Je ne souviens que mes interlocuteurs prenaient en exemple mon porte parole de l’époque, une femme énergique certes mais tellement luxuriante il est vrai, si tant est que je puisse m’exprimer ainsi, que son bagout l’entrainait à des déclarations incroyables que je n’ose vous répéter.

Ainsi, il fut décidé qu’au conseil de mes collaborateurs du mercredi, nous adjoindrions un conseil restreint qui prendrait les décisions en priorité et de manière secrète, de telle sorte que le conseil principal n’aurait plus qu’à avaliser ce qui aurait été décidé auparavant.

Notre visiteur s’interrompit et but une gorgée de thé.

Je dois dire ici que l’évocation par notre visiteur de cette étrange organisation assez peu démocratique et pour tout dire à l’opposé de notre séculaire tradition britannique me fit quelque peu ciller. Et sans doute notre invité s’en rendit-il compte puisque reposant sa tasse il me toisa un instant, quoique je n’aie, je le certifie, absolument rien dit. Sans doute ai-je du toutefois rougir car Holmes vint à mon secours :

– Ha ça cher Monsieur, votre description de cet étrange et secret conseil me fait dire que tout cela n’a pas du être du goût de votre opposition ? Holmes marqua un temps et poursuivit sa phrase, comme pour donner à notre interlocuteur une porte de sortie : si toutefois, comme je le suppose, vous en avez une …

Notre visiteur ne se démonta pas. Bien plus, cette remarque de Holmes que tout autre aurait pu juger aigre-douce parut lui redonner vigueur :

– Justement, Monsieur Holmes, tout cela me fut finalement assez facile car je n’ai en pratique aucune opposition.

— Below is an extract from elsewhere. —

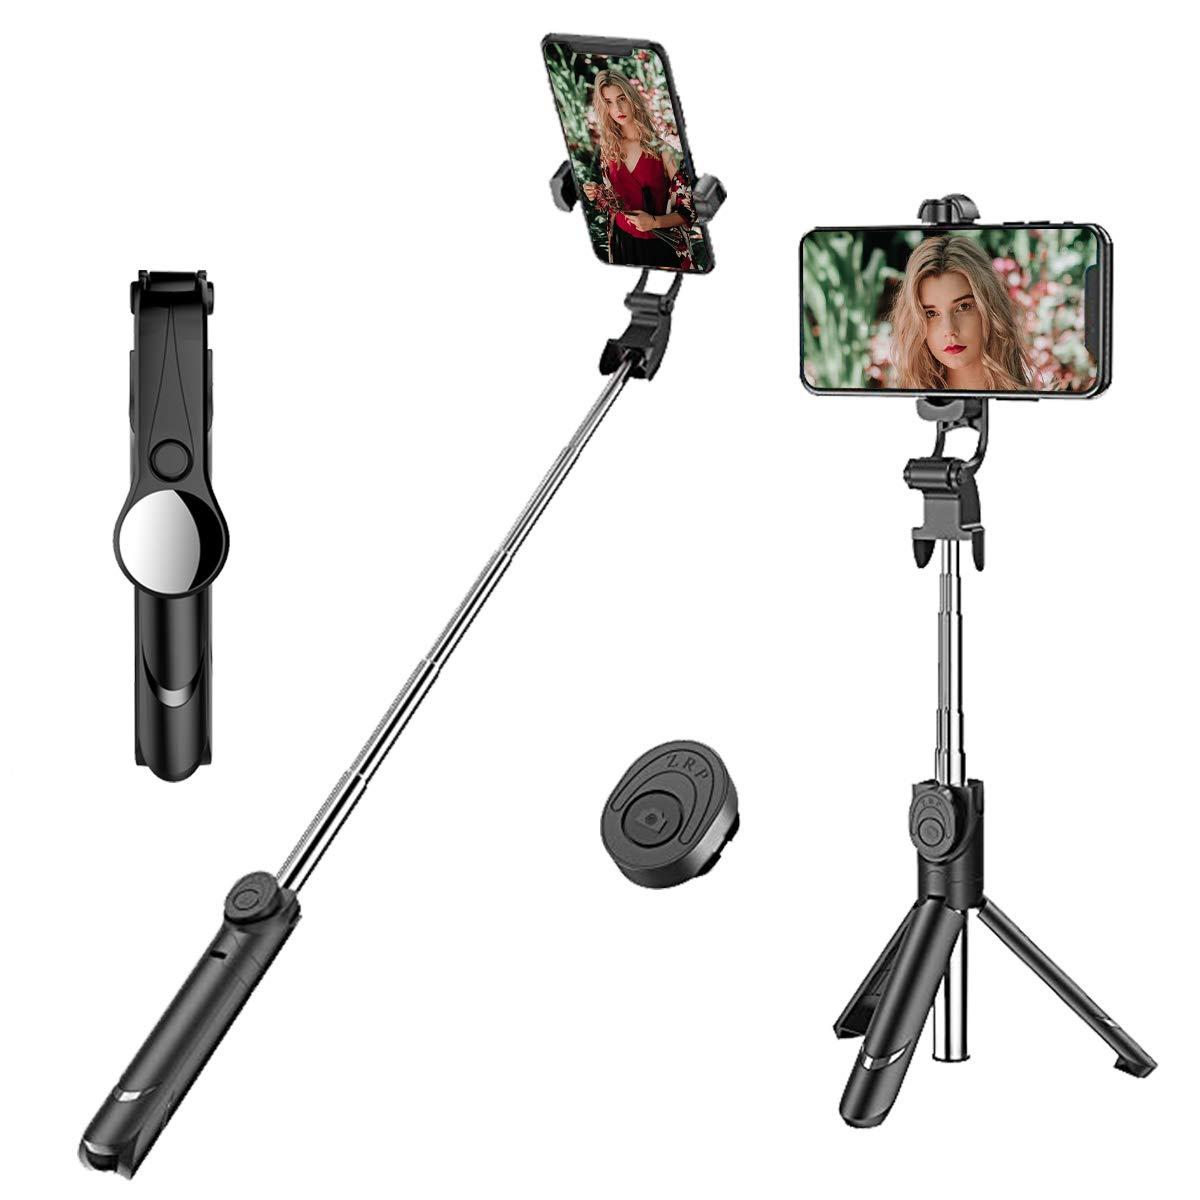 LATEC Selfie Stick Stativ Ausziehbarer Bluetooth Selfie Stick Tragbares Einbeinstativ mit Drahtloser Fernbedienung 2 in 1 Multifunktionsstativ f/ür 3,5-6 Zoll Smartphones

Ou si vous préférez une description plus nuancée, disons que ce qui serait en temps ordinaire une opposition se résume à fort peu de chose, quelques individus sans épaisseur ni convictions excessives, et comme par ailleurs, la presse est pour l’essentiel propriété de certains de mes amis, je suis assez libre de mes mouvements.

J’intervins alors : donc si nous vous comprenons bien, ce conseil secret fut dorénavant mis à contribution pour vous conseiller sur la gestion de cette épidémie ?

Pas vraiment, répondit notre visiteur, qui s’éclaircit la voix un instant puis poursuivit : en vérité ce conseil secret était destiné à entériner mes décisions, car dans notre pays l’idée qu’un homme seul, même de ma sagesse puisse décider de tout reste suspecte, et donc ce conseil quoique secret donnait une apparence de collégialité.

En revanche ce conseil secret n’était pas là pour me conseiller au sens propre du terme, cette tâche étant dévolue à une autre instance, une sorte de cabinet scientifique que nous avons constitué à la même époque sur les indications et les conseils du Dr David et Dr Nervant en réunissant une équipe de professionnels, habitués à travailler ensemble ainsi qu’avec les laboratoires pharmaceutiques que j’ai évoqués.

Ainsi que vous pouvez le comprendre, il me sembla que moyennant certes un réaménagement du périmètre de réflexion et de la structure de décision, j’étais maintenant en mesure de pouvoir décider vite et sans être outre mesure contredit, ce qui correspond aussi à ma pratique car, et je pense que vous le concevez, être contredit ne me convient guère.